Having a resident psychic keeps things interesting at the little restaurant and bar by the train tracks on Hammonds Ferry Road, says Pete Panselinos, who owns the Lansdowne Inn with Gus Kimos.

"I've seen people that they leave here and they cry and other people that are very happy leaving here," says Panselinos, a portly man with laughing eyes and a thick Greek accent. "One time there was a woman crying in the bathroom. It took hours to get her out of here. I said [to Miss Betty], 'What you tell that lady? Don't tell people bad things. Only tell people the good things.' "

But Miss Betty says that, in most cases, she shares her predictions whether they are positive or not. Visions of death or illness can be terrible, she says, adding, "Sometimes it feels like a curse, hon."

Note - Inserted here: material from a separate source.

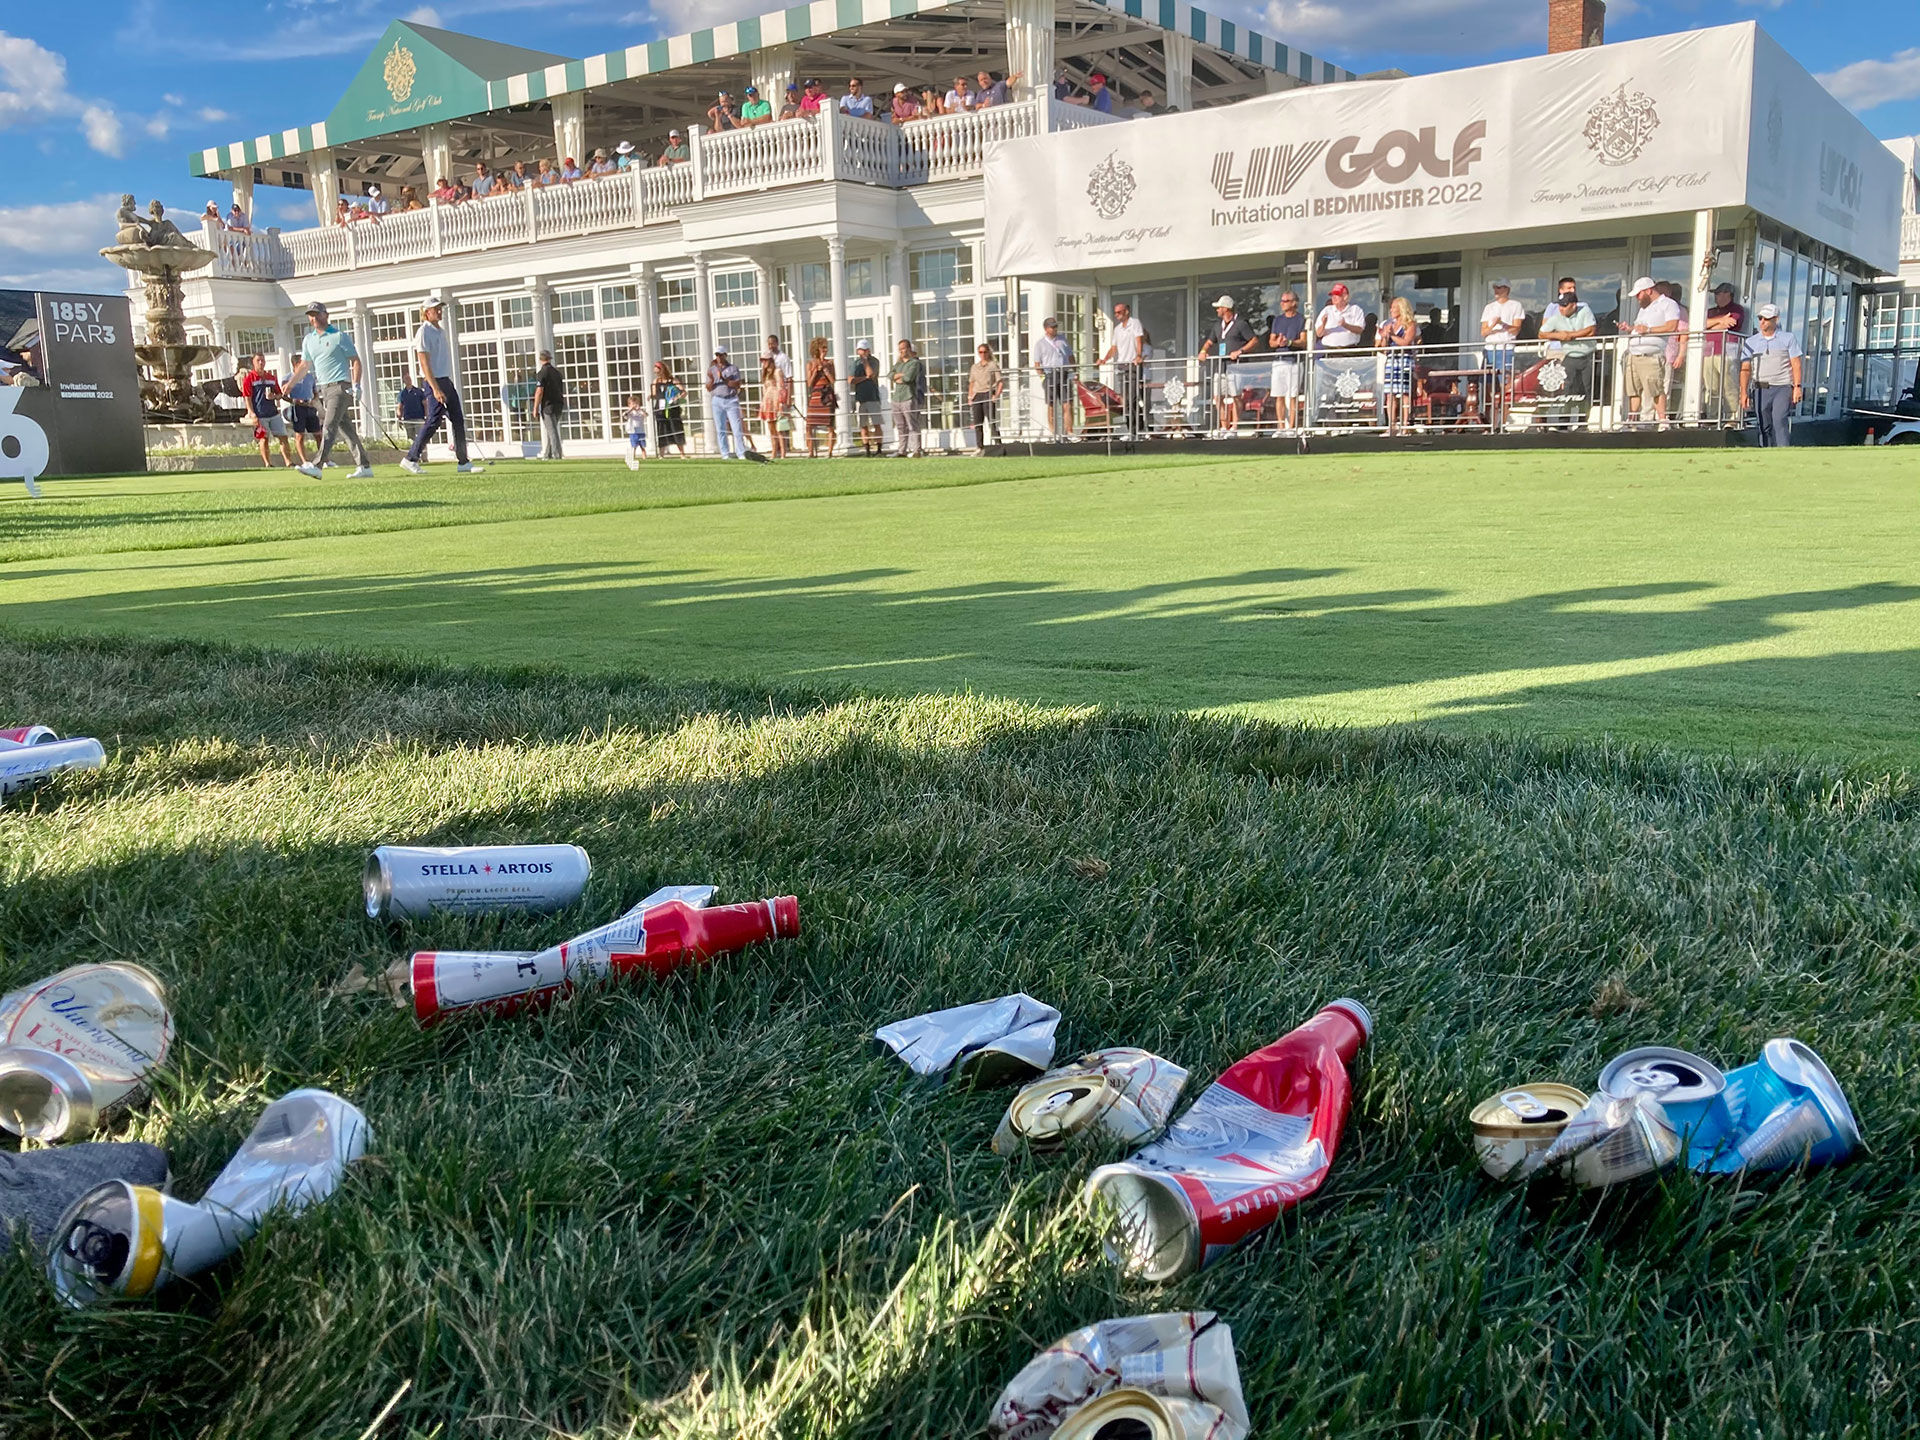 Beer cans are strewn alongside the 16th tee, after Eric Trump offered up the free beverages to fans at Trump National Golf Club in Bedminster on Saturday afternoon

Although she believes that all people have some ability to foretell the future, Miss Betty says that she believes she has a God-given gift. When she was born, she says, a caul, or a portion of the amniotic sac, was covering her face, which some believe portends psychic ability.

At the age of 4, she left the tiny town of Moorefield, W.Va., to live with her grandparents in Baltimore's Otterbein neighborhood.

When she was 13, she watched a friend's uncle read cards, then picked them up and startled him with her own predictions. But it wasn't until she divorced her husband, the father of her five children, in 1972 that Miss Betty began to read cards regularly. Over the years, she has read cards in a number of bars, restaurants and private homes.